An inactivation or conditioning solution which is particularly suitable according to the invention has the following composition:

- Trypton 1.0 g

- sodium chloride 8.5 g

- sodium thiosulfate pentahydrate 5.0 g

- 0.05 M phosphate buffer solution 10 ml

- TLH water ad 1000 ml.

The TLH water which can be used according to the invention has the following composition in particular:

Polysorbate 80 (Tween 80) 30.0 g

- Soyalecithin 3.0 g

L-histidine 1.0 g

- Demineralized water ad 1000 ml.

The phosphate buffer solution which can be used according to the invention has the following composition in particular:

Potassium dihydrogen phosphate 6.8045 g

Dipotassium hydrogen phosphate 8.709 g

- Demineralized water ad 1000 ml. The choice of fluorescent marker (s) is not critical. Depending on the application and type of germs, the fluorescent markers known per se from the prior art can be used here, provided they are suitable for use in the process according to the invention.

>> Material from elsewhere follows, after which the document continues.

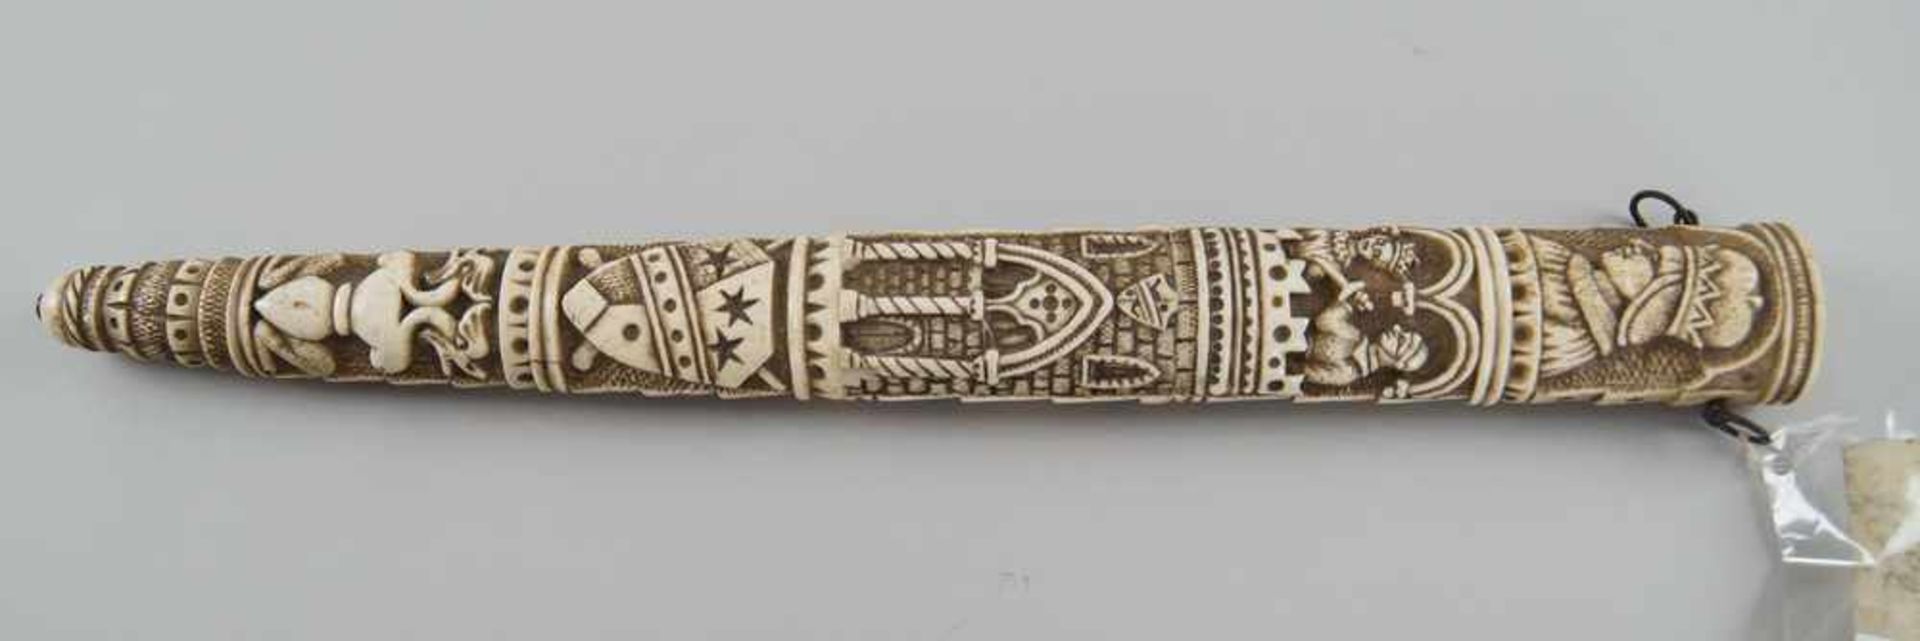 Schwert mit fein geschnitzter Scheide und Griff aus Elfenbein, Klinge aus Eisen, 19. JH,mit Zettel - Bild 10 aus 11

The term "fluorescent marker" is understood very broadly in the context of the present invention and means in particular any fluorescent marker which is designed such that it interacts with the germs, for example on the germs, in particular on their cell wall (shell) and / or nucleic acid , binds and / or is taken up by the germs, in particular metabolized and / or implemented enzymatically.

The fluorescent marker used according to the invention can be, for example, a non-germ-specific fluorescent marker or a mixture of non-germ-specific fluorescent markers. This enables a relatively inexpensive fluorescence labeling of all germs present in the sample and thus a relatively quick determination of the total number of germs in the sample.

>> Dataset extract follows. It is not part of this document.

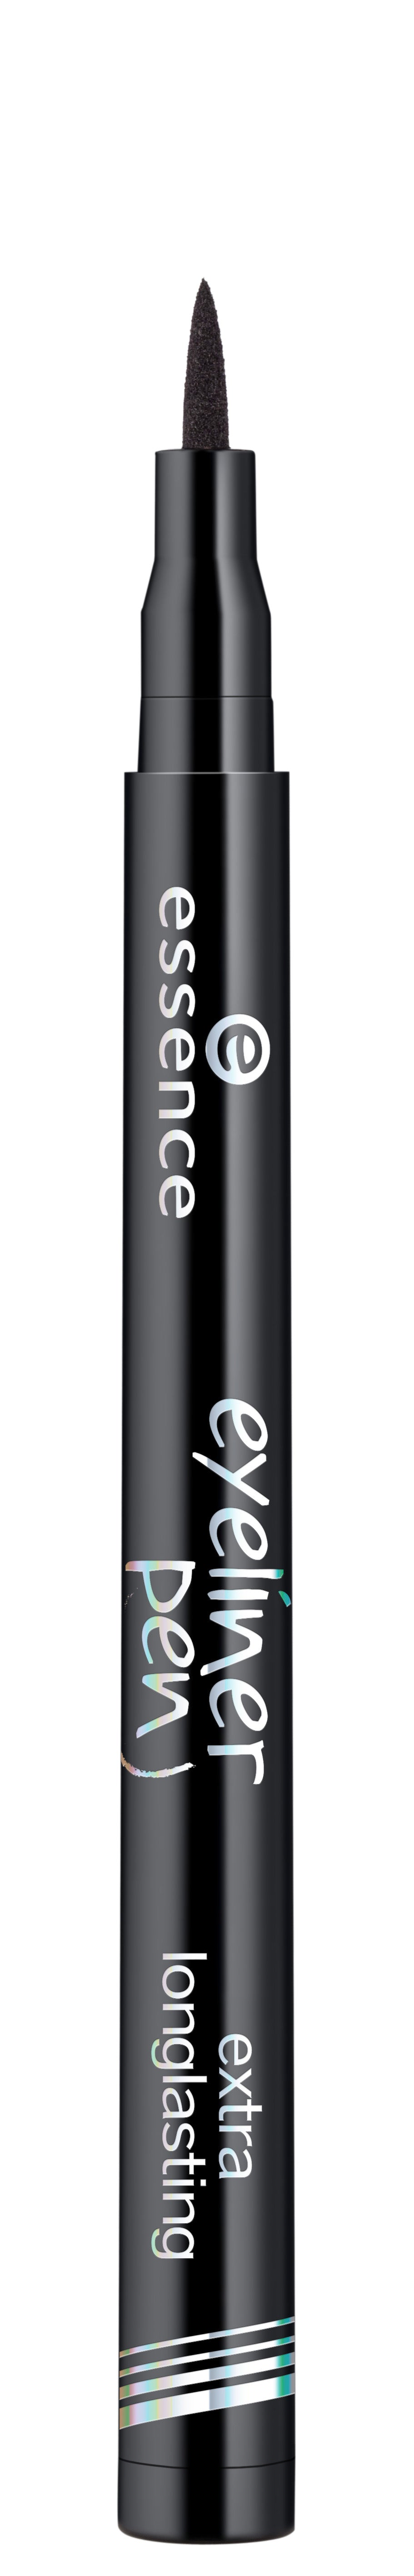 Essence - Eyeliner Pen Extra Longlasting

In particular in the event that only specific germs are to be detected qualitatively and quantitatively, a germ-specific fluorescence marker or a mixture of different germ-specific fluorescence markers can be used as the fluorescence marker.

Likewise, a mixture of germ-nonspecific and germ-specific fluorescence markers can be used as the fluorescence marker.

For example, a fluorescent marker which interacts with living germs can also be used as the fluorescent marker. Likewise, a fluorescent marker which interacts with "dead" germs can also be used as the fluorescent marker. It is also possible to use as the fluorescent marker a mixture of fluorescent markers interacting with living germs and fluorescent markers interacting with "dead" germs. In this way, a living / dead differentiation of the germs present in the sample can be achieved. Such mixtures are known per se from the prior art (see, for example, Stumpe et al., Loc. Cit. And the system from EasyProof Laborbedarf GmbH, Voerde).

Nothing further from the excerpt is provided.